Acting Governor of Lagos Colony
- In office 6 August 1861 – 22 January 1862
- Succeeded by: Henry Stanhope Freeman

Personal details
- Profession: Merchant

= William McCoskry =

British merchant

William McCoskry was a British merchant who served as Consul at Lagos, then as acting Governor of Lagos Colony.

==Lagos trader==

McCoskry reached Lagos in early 1852, soon after the Oba Kosoko was expelled. He had already represented the British firm of W.B. Hutton in West Africa for seven years.
McCoskry, a Scotsman, was known as "A l'agbon pipon" (man with the red beard) by the Yoruba people.
Apongbon in the west of Lagos Island derives its name from this phrase.
McCoskry got on bad terms with Benjamin Campbell, who arrived on 21 July 1853 to take up the position of Consul.
He even attempted to ship palm oil without paying duties.
Campbell later recommended McCoskry as vice-consul for Badagry.
He held this position briefly between 1855 and 1856.
In March 1856, McCoskry was acting for Consul Campbell, who was away from the colony on a visit to the Benin River, when a plot was discovered to overturn the Oba of Lagos, Dosunmu. When three cruisers appeared off the bar the plot fizzled out.

==Acting consul==

A new consul, Henry Grant Foote, arrived at Lagos on 21 December 1860. He appointed McCoskry unpaid vice-consul.
In May 1861, while on an expedition into the interior, Foote died of fever and McCoskry took over as Acting Consul.
In July 1861, McCoskry signed treaties with Porto Novo and Badagry to facilitate trade with Lagos.
At the end of July 1861 Her Majesty's ship Prometheus arrived in the lagoon.
A few days later, on 3 August the commander, N.B. Bedingfeld paid a visit to the Oba of Lagos accompanied by McCoskry and a detachment of armed marines, and demanded that Dosunmu sign a treaty to surrender Lagos. The king initially refused.
However, on 6 August 1861, Bedingfeld and McCoskry entered into a treaty (The Lagos Treaty of Cession) on behalf of the Queen of Great Britain with "Docemo" (Dosunmu), King of Lagos. Dosunmu transferred sovereignty of the island and territories of Lagos to the British in return for an annual pension.

==Acting governor==

McCoskry was appointed acting Governor soon after annexation.
The slave trade had been outlawed, but slavery continued. McCoskry hinted that after annexation of Lagos Colony unrest among the slaves increased substantially.
He remarked that problems related to domestic slavery were giving him "more trouble than all the rest of the business together". He noted that there were many runaway slaves looking for protection in Lagos Colony, which they saw as a refuge. McCloskey recognized the rights of slave owners to retain their property or to receive compensation for liberation.
He set up a court to hear cases of abuse against slaves and of runaway slaves from the interior, and established a "Liberated African Yard" to give employment to freed runaways until they were able to look after themselves. He did not consider that abolition of slavery in the colony would be practical.
In 1865 McCloskry testified before a parliamentary committee on the conditions at Lagos. He said that rather more than 500 fugitive slaves had arrived in the colony since 1861.

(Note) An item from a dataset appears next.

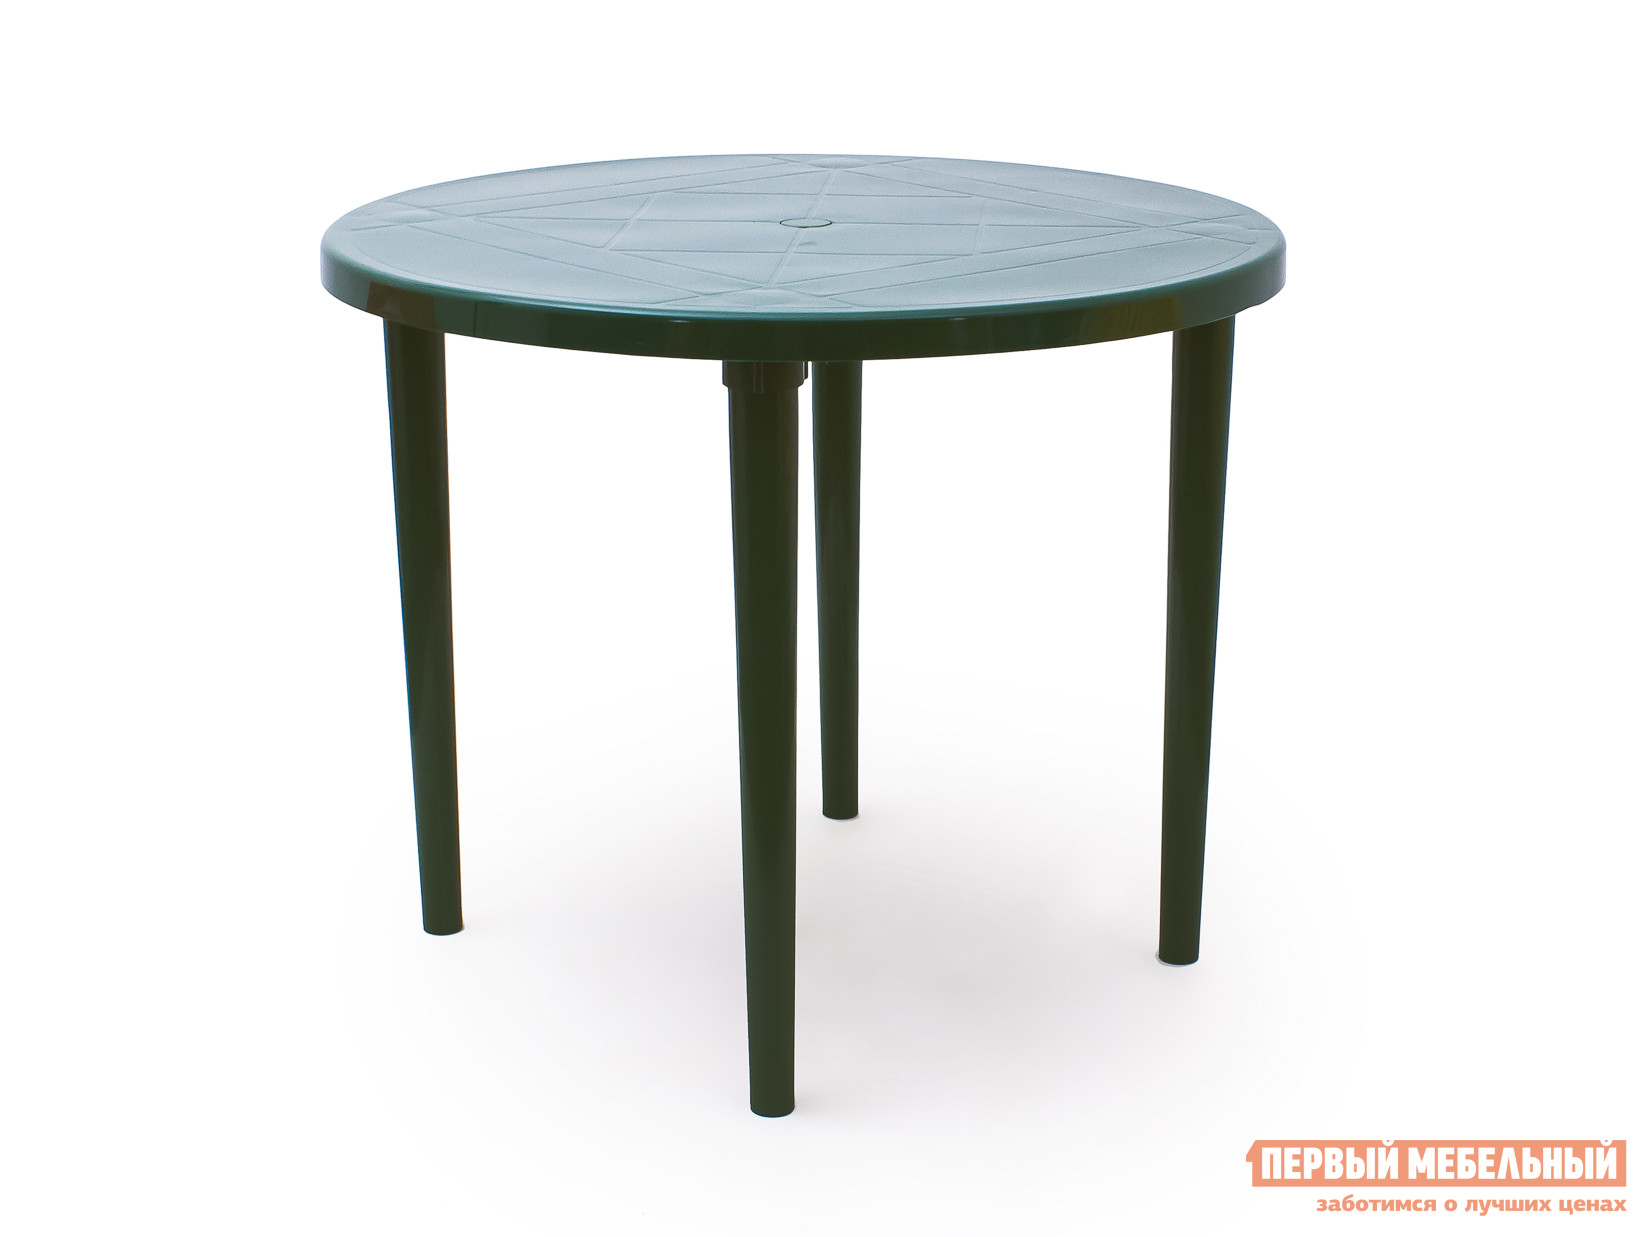 Пластиковый стол Стандарт Пластик Стол круглый, д. 900 мм Темно-зеленый

McCloskry, and other merchants in the colony, were opposed to the activities of missionaries which they felt interfered with trade. In 1855 he had been among signatories of a petition to prevent two missionaries who had gone on leave from returning to Lagos.
McCloskry communicated his view to the explorer Richard Francis Burton, who visited Lagos and Abeokuta in 1861 while acting as consul at Fernando Poo.

==Later career==

After serving as acting governor, McCloskry again became a private merchant at Lagos. He was appointed one of three Land Commissioners, making recommendations to the governor on grants of land, in many cases giving formal title to the existing occupants.